Latha Venkatesh, Sonia Shenoy & Anuj Singhal

CLSA is positive on real estate and has seen encouraging signs of recovery in the coming days, Mahesh Nandurkar, India Strategist at CLSA, said in an interview with CNBC-TV18


He added that the real estate sector turnaround is only a matter of time.


On markets, Nandurkar said: “The reason why the market has given up the gains post corporate tax cut is the economic data points continue to be negative and we continue to see data points which show that the slowdown is sharper than what it was thought to be a month ago or a few months back.


“Therefore, on the economic side the outlook is not pointing towards any immediate recovery as such. We would have to wait for 2-4 quarters, but the market outlook doesn’t have to be strictly correlated with the economic outlook because there is PE multiple as a factor and while the economic outlook is not that great with the next couple of quarters view, the market outlook is much better in my view because of global liquidity, valuations etc.,” he added.


On non-bank finance companies (NBFCs), he said: “Some of the top tier companies in the housing finance space should definitely see the benefit of market consolidation, mortgage rates going down and therefore, some kind of a pick-up in demand and if we begin to see recovery in property market then that would augur well for the top tier NBFCs or HFCs.

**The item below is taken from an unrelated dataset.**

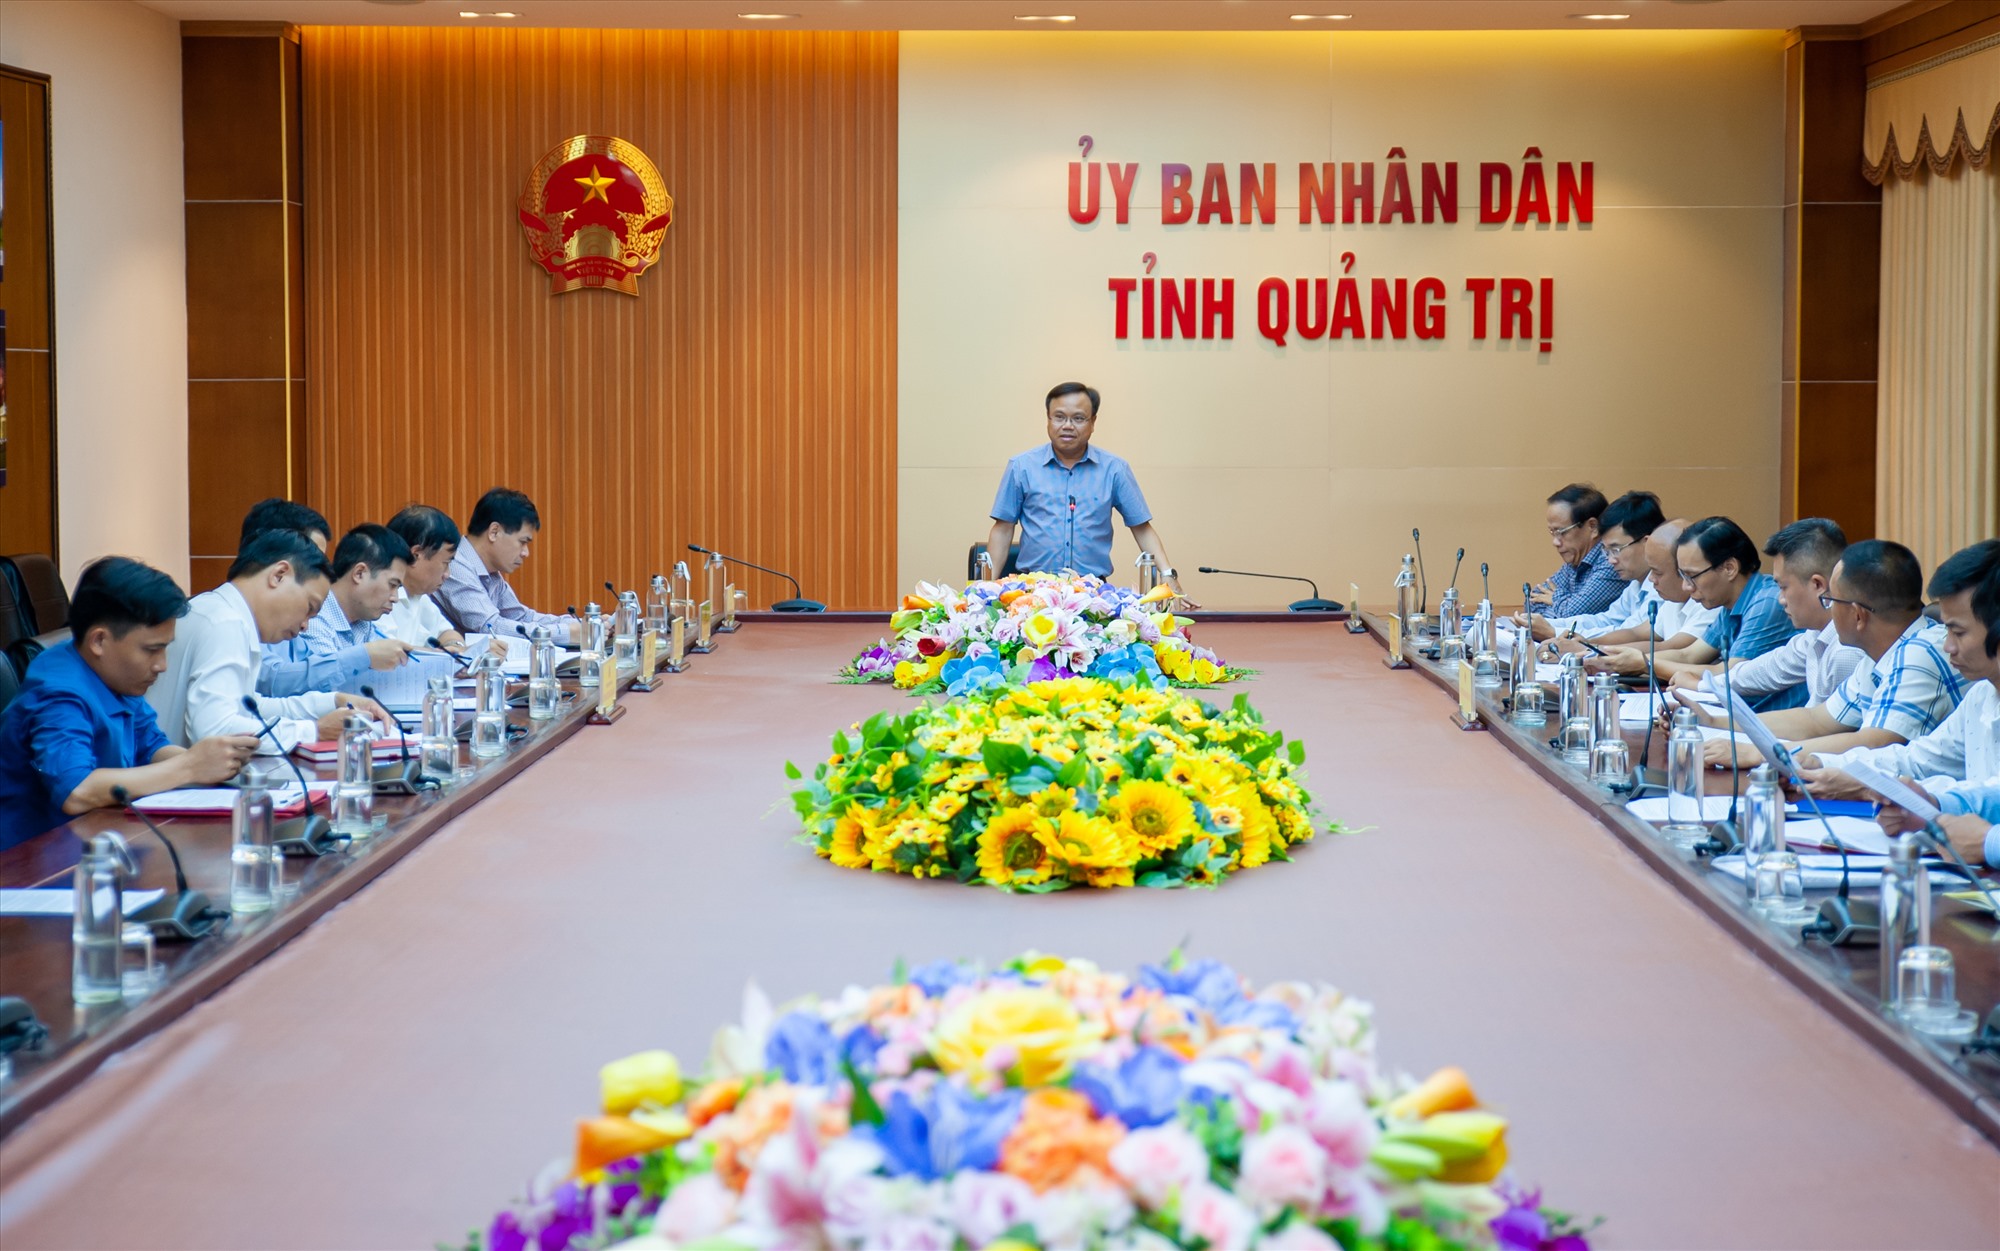 Phó Chủ tịch UBND tỉnh Lê Đức Tiến phát biểu kết luận buổi làm việc - Ảnh: Trần Tuyền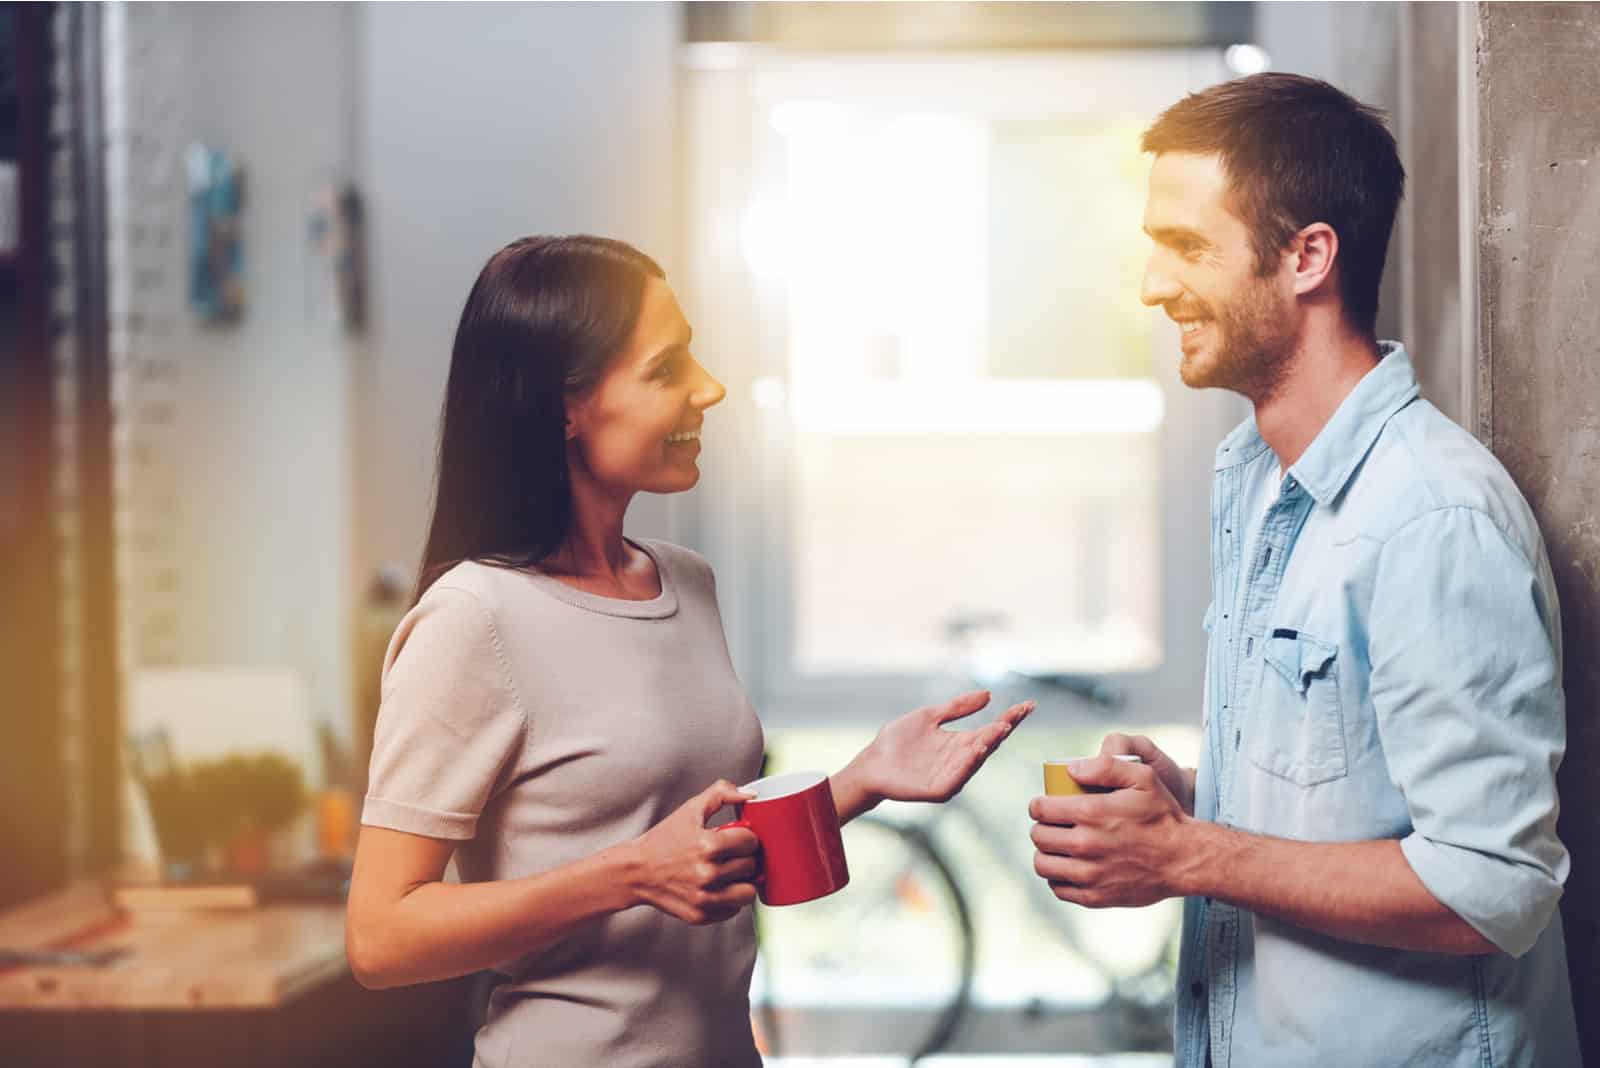 Un homme et une femme souriants se tiennent debout et parlent tout en tenant des tasses de café dans leurs mains

“I would broadly categorise the NBFC segment in two parts. One is the lending financials and the non-lending financials and the non-lending financials which includes life insurance, AMC [asset management company], general insurance looks much more promising,” added Nandurkar.


On domestic economy sectors, he said: “In general, I would continue to maintain 'underweight' stance on consumer-oriented sectors which not only include staples but also discretionary and autos.


“Yes, there can be a case for ively buying some auto names especially in the passenger vehicle segment. Broadly, I am going to retain underweight position on autos and consumer sectors in general because a much stronger underlying trend in the economy is that interest rates are going down and I believe there is a lot of room for those to go down and in that kind of an environment I would like to go with banks or sectors which are more linked with investments like property or housing finance,” he added.


According to him, the government is capable of taking bold reform oriented steps to boost sentiment.